Assignments of Shares and Preemption Rights
The Companies Law stipulates that:
a. No assignment of shares will be effective if:
i. It results in the shareholdings of the national shareholders of the company being reduced to less than 51% of the total shares of the company; or
ii. Results in the increase in the number of shareholders in the company in excess of the number prescribed for a private company (currently 50); and
b. Where a shareholders does wish to sell his shares in the company he is entitled to do so subject to the preemptive rights of existing shareholders as set out in the Companies Law.
These statutory preemptive rights deserve some special consideration given their importance in the general scheme of corporate law in the UAE. Under Article 231 of the Companies Law where a shareholder proposes to assign his shares to a third party non-shareholder (whether for value or not) he must first offer to sell his shares to the remaining shareholders. Each shareholder has the right (pro-rata to their holdings if more than one take up the offer) to purchase the shares of the departing shareholder at any agreed price or, in the absence of agreement, at a value determined by the auditors of the company. If at the expiry of 30 days from the date of the initial notice none of the shareholders has exercised their right to acquire the departing shareholder's shares that shareholder shall be free to dispose of his shares.
No shareholders' agreement can deprive a shareholder of this fundamental right although many such agreements augment or flesh out the terms of the preemptive rights – for example providing guidelines to the company's auditors for valuation methodology or setting out basic representations and warranties to be given by the departing shareholder on the sale of his interest. So long as such terms do not violate the terms of the Companies Law or other applicable law they will in all likelihood be permissible.
The parties may also seek to include other contractual restrictions into their shareholders' agreement and potentially company Memorandum. Again to the extent that these do not contravene the law or in particular impinge upon a shareholder's legislated preemptive rights they will be acceptable restrictions. Such restrictions would include "lock-ins", drag along and similar rights and buy-sell provisions.
Shareholders in UAE companies are motivated to enter into shareholders' agreements as a matter of best practice for the same business reasons as in other jurisdictions, namely to set out their respective rights and obligations and to protect their local commercial interests.

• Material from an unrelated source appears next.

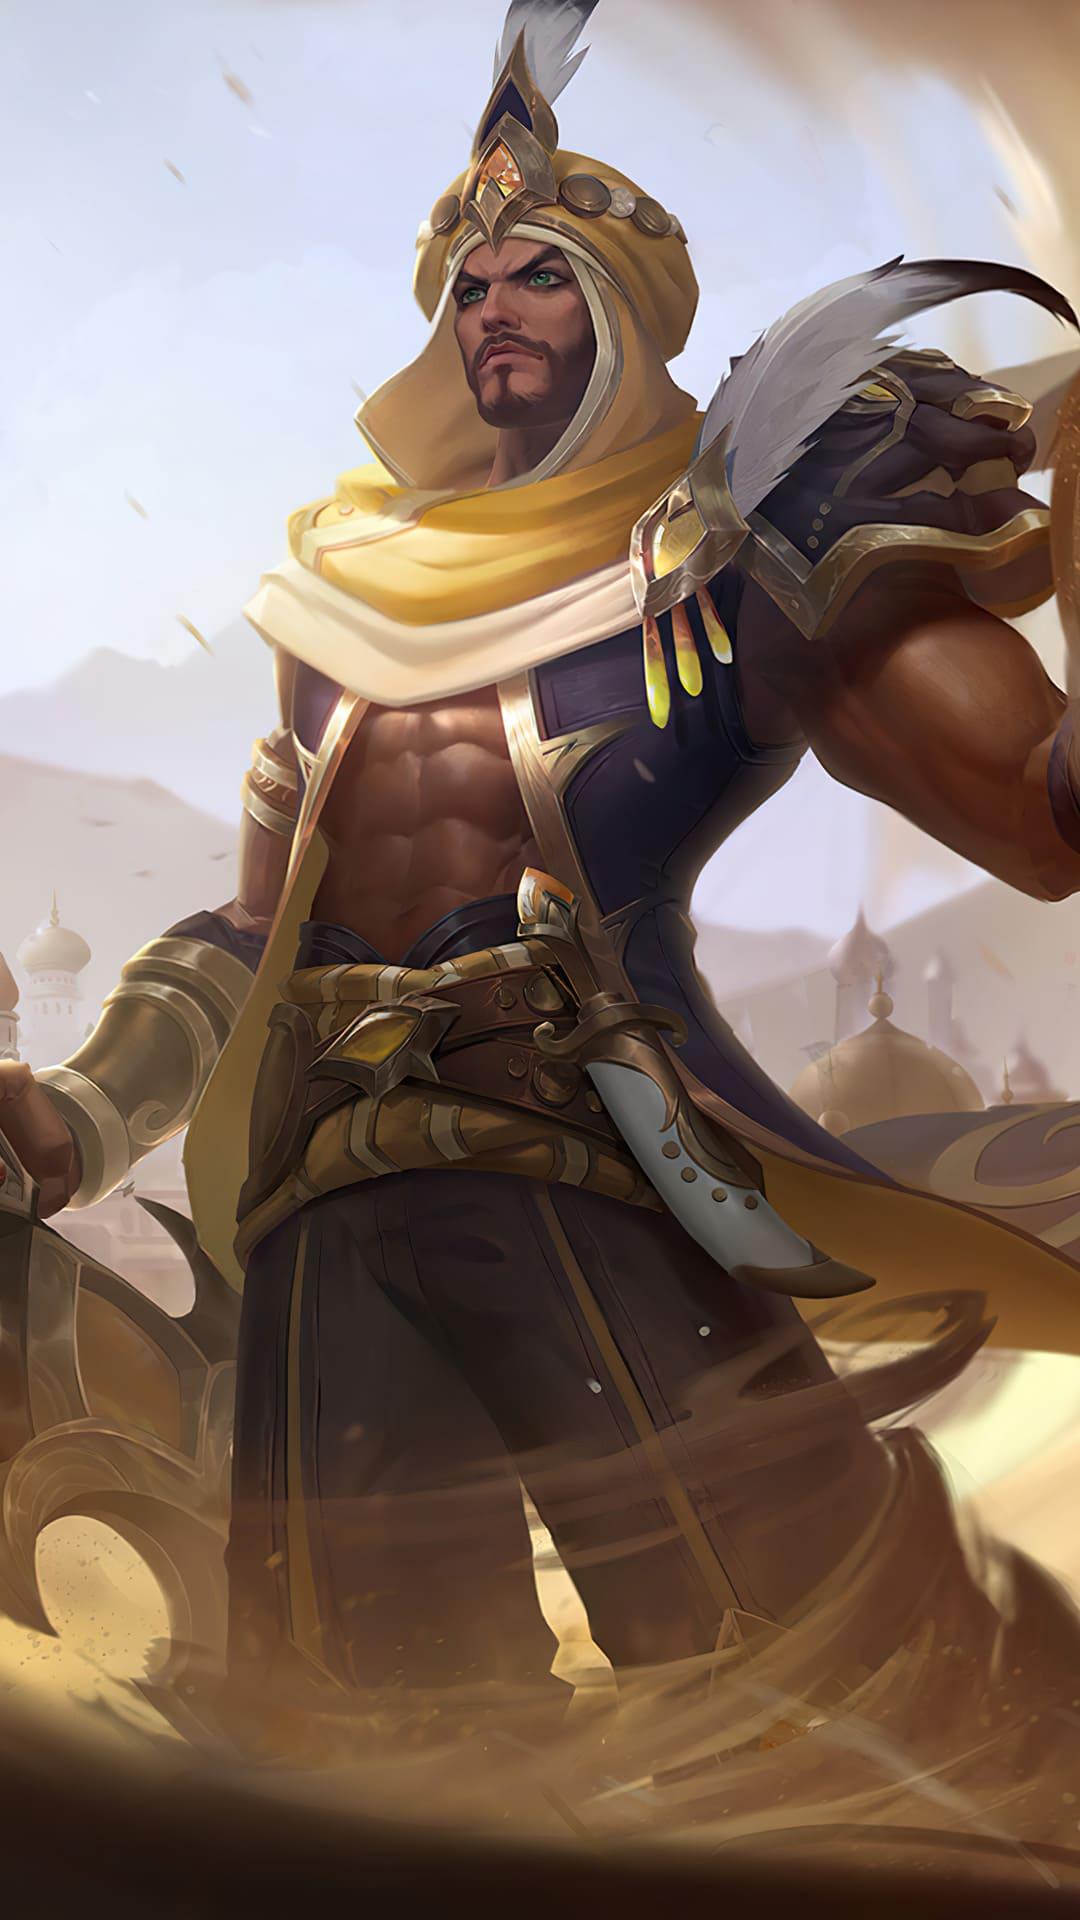 Khaleed prince of sand skin mobile legends hd for mobile hobigame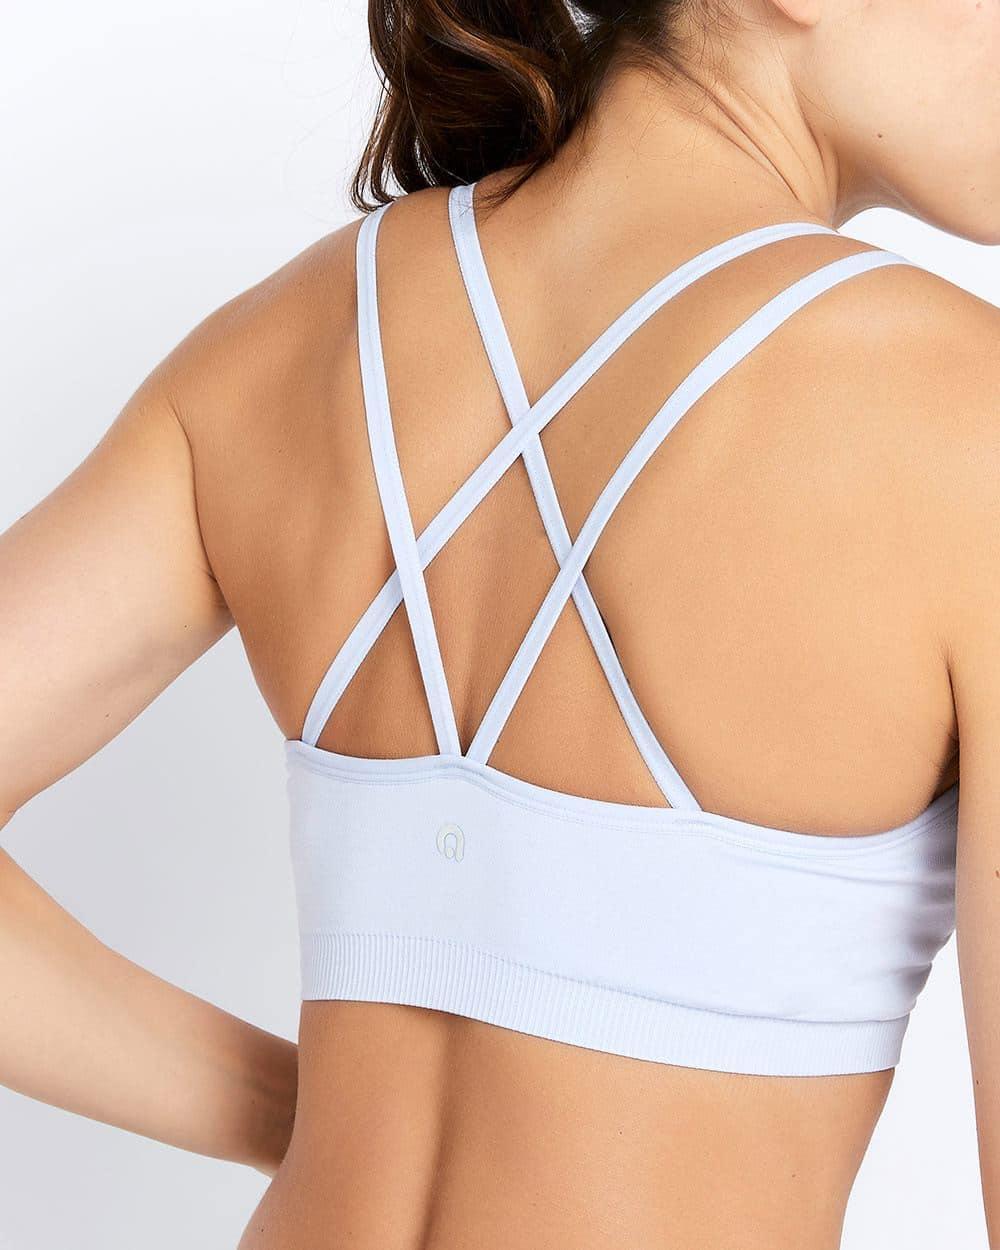 Hyba Multi-Strap Low-Support Sports Bra

This latter concern is of particular importance to foreign parties conducting business through limited companies where their UAE partner has no real involvement in the business itself. This is often the case in the UAE where the local shareholder merely acts as a "sponsor" to the commercial activity carried on by the foreign party. This type of arrangement is often enshrined in a form of shareholders' agreement under which the local national is systematically stripped of his shareholders' and management rights and proportionate share of the company's profits while the de jure ownership is reflected in the company's Memorandum and trade licence. The same type of arrangement may be accomplished through other forms of agreements such as trust declarations in favour of the foreign party or though loan and pledge arrangements.
While common these types of arrangements are not favoured in the UAE. On a strict reading of the Companies Law these types of "side agreements" as they are known are legally void. In fact in 2004 the UAE Federal National Counsel enacted Federal Law No. 17 of 2004 - the Anti-Concealment (Fronting) Law for the purpose of fighting the quasi-established practice of implementing side agreements in commercial activities. The Anti Fronting Law provides that that any arrangement designed to circumvent the ownership requirements of the laws of the UAE would be considered unlawful, punishable by fines and possibly imprisonment.
To date the Anti-Fronting Law has not been implemented. The UAE courts have - pending the law's implementation - recognised the interests of foreign parties in considering the validity of such agreements however they have also required the companies subject to such arrangements to be dissolved subsequently. Foreign parties entering the UAE market need to be aware of these considerations when entering into the agreements relating to their local company.
Reconciliation with Memorandum
Unlike many jurisdictions, entering into a unanimous shareholders' agreement in the UAE does not bind the parties to the exclusion of the company's constating documents. Under the Companies Law, where there is a discrepancy between these constating documents and the terms of a unanimous shareholders' agreement, with few exceptions, the provisions of the Memorandum will prevail.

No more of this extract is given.